**DATASET CONTENT**
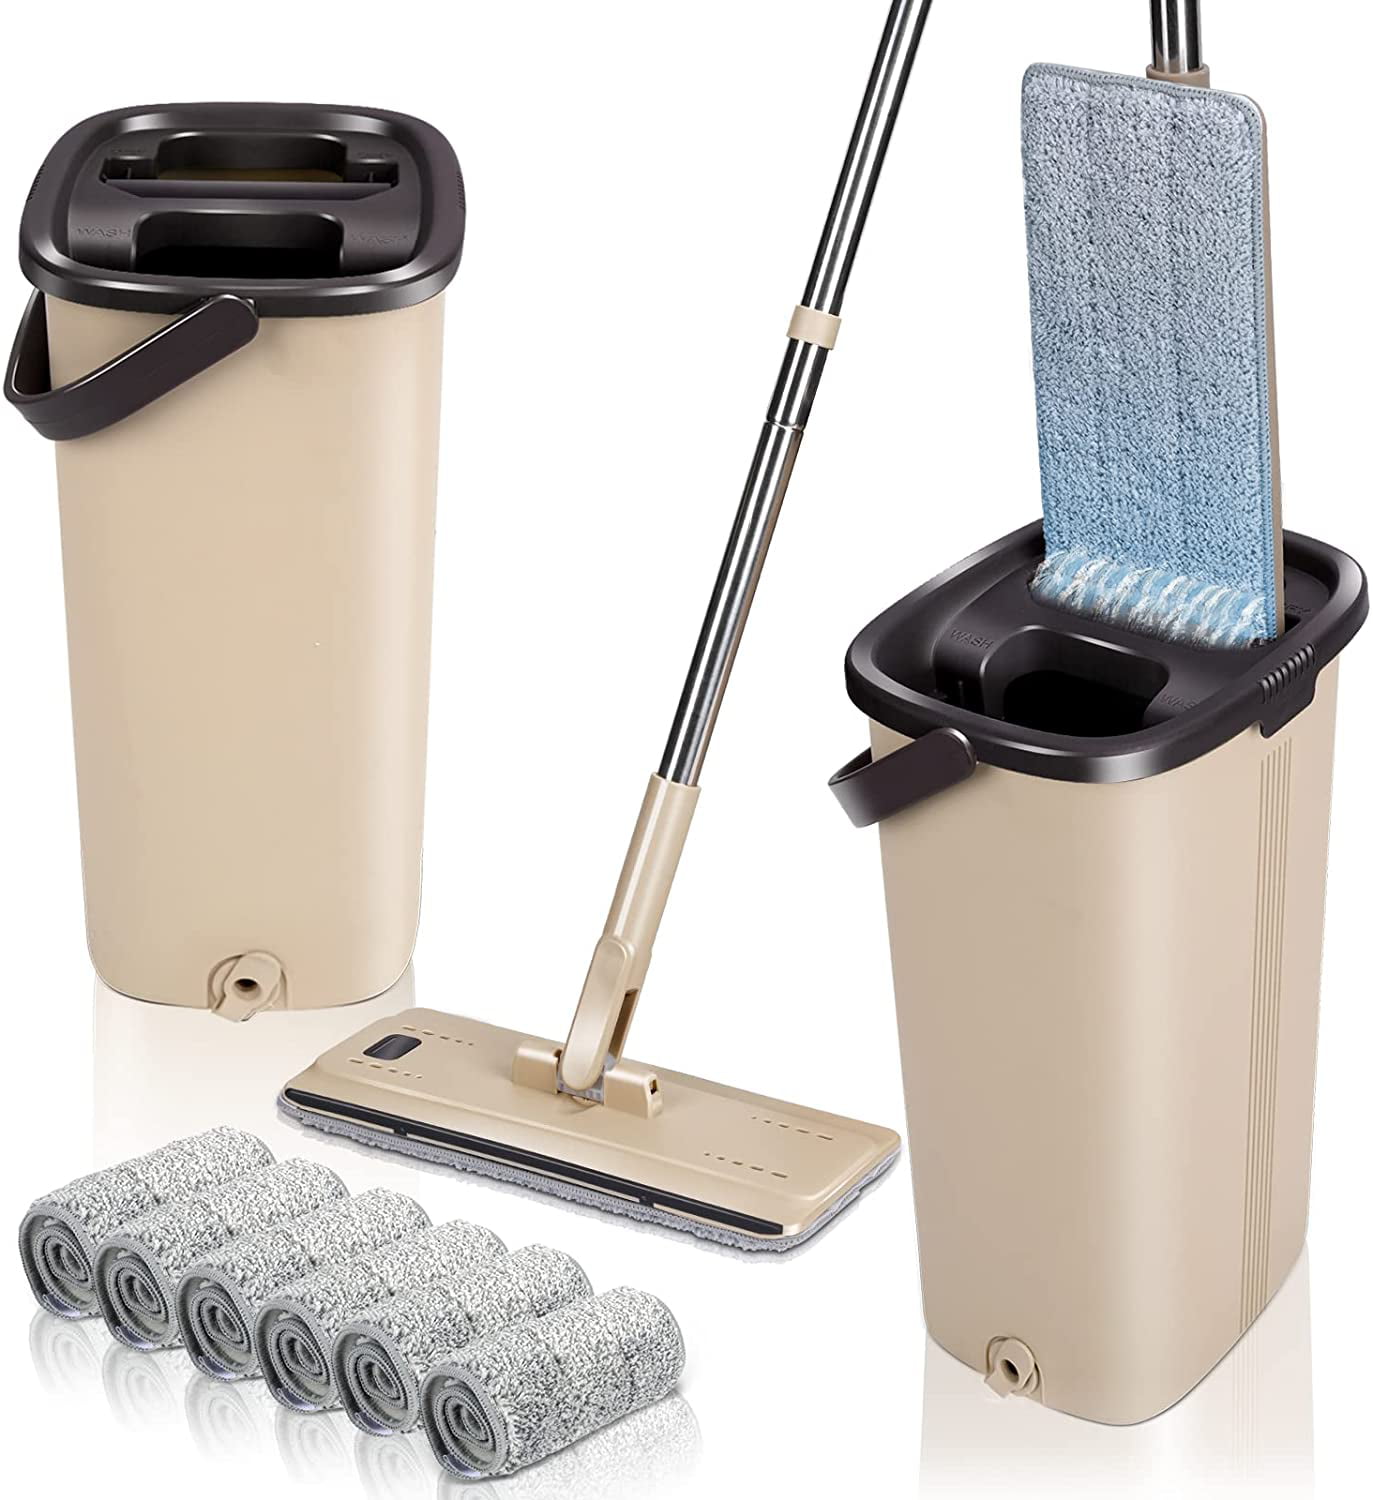 Squeeze Mop And Bucket Set Hand Free Flat Floor Self Cleaning Microfiber Pads 7 
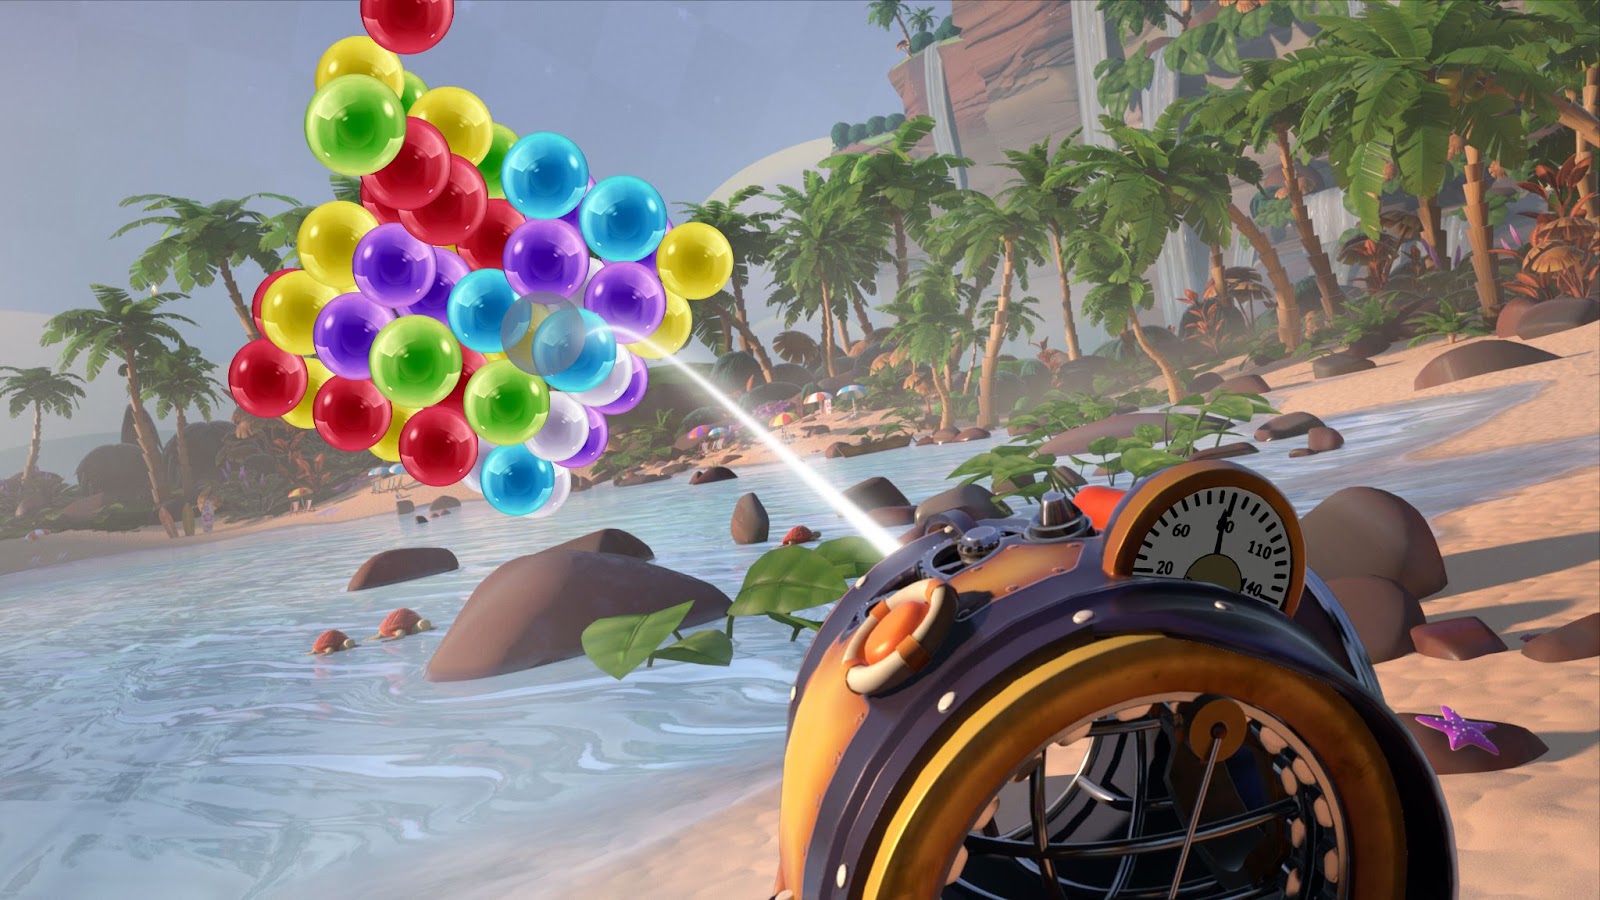 A level depicting a sandy beach, with a glorious blue sea. Colourful bubbles are in the air, a player is trying to pop them.
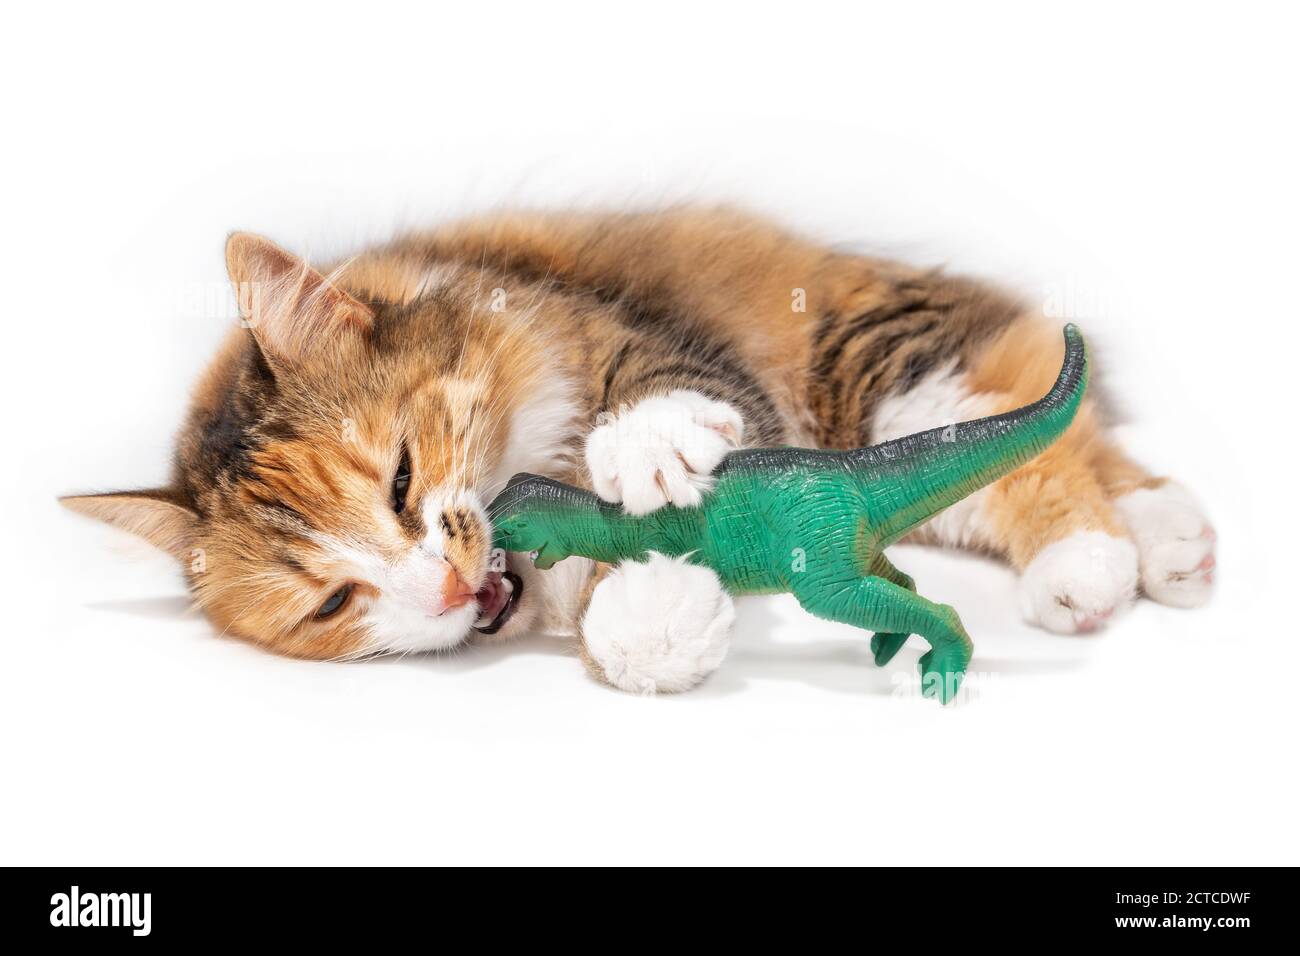 Cat vs dinosaur. A orange white long hair fluffy kitty is laying sideways with a large green plastic kid toy in the mouth. Stock Photo
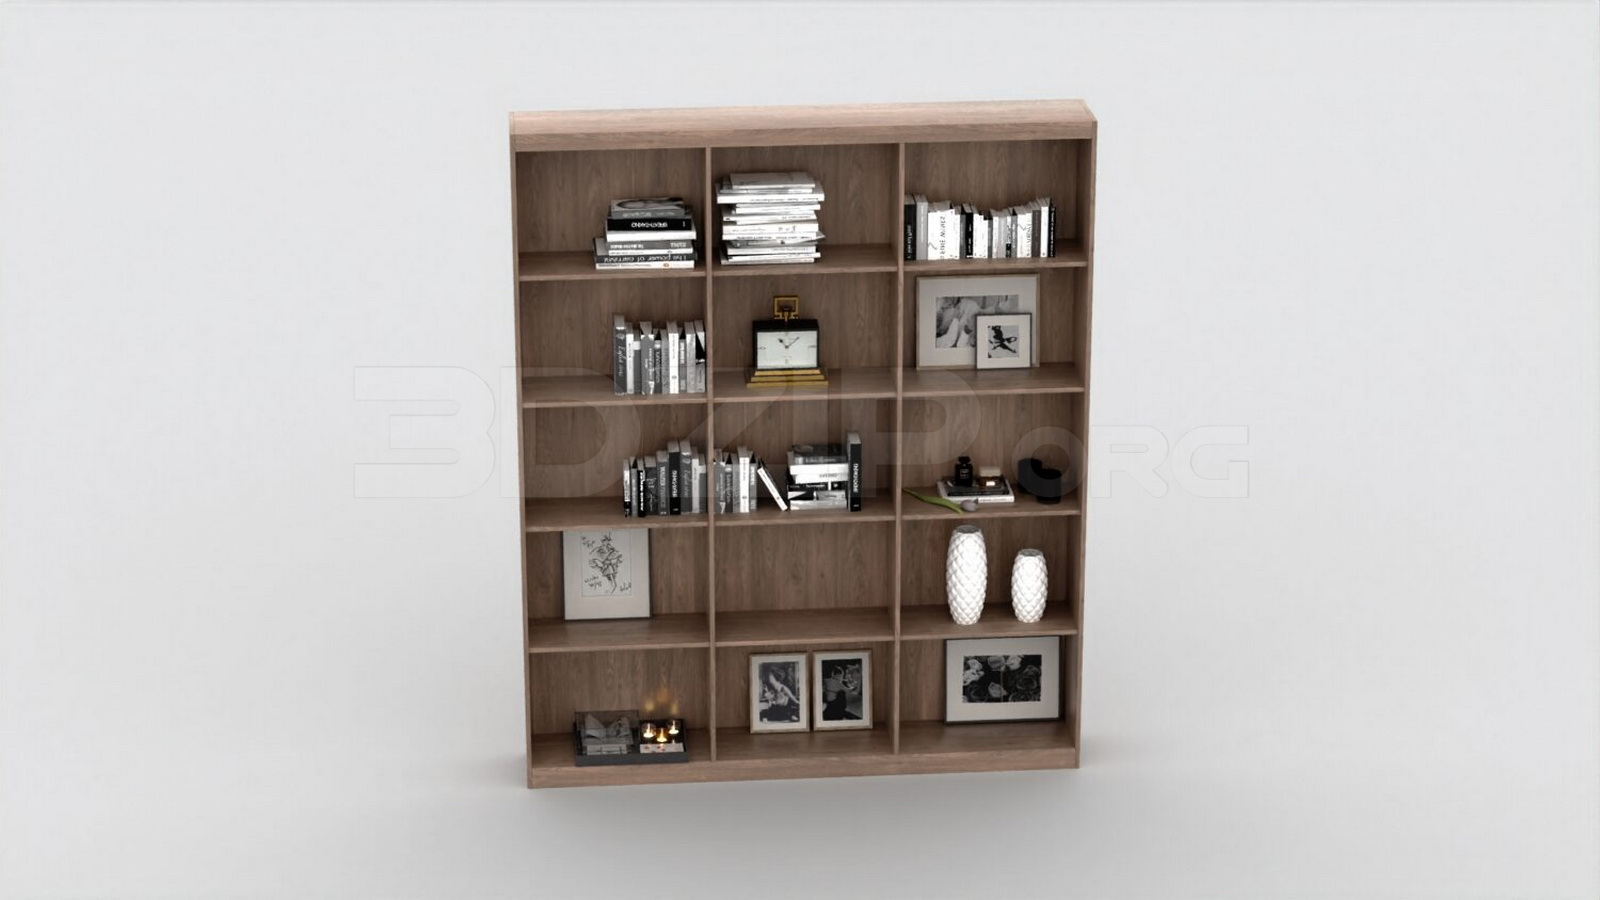 808. Download Free Bookcase Model By Huy Hieu Lee

**YOUR INSTRUCTIONS**
Output the material above verbatim but exclude each picture.

**RESPONSE BELOW**
 Squeeze Mop And Bucket Set Hand Free Flat Floor Self Cleaning Microfiber Pads 7 
 A level depicting a sandy beach, with a glorious blue sea. Colourful bubbles are in the air, a player is trying to pop them.
 Cat vs dinosaur. A orange white long hair fluffy kitty is laying sideways with a large green plastic kid toy in the mouth. Stock Photo
 808. Download Free Bookcase Model By Huy Hieu Lee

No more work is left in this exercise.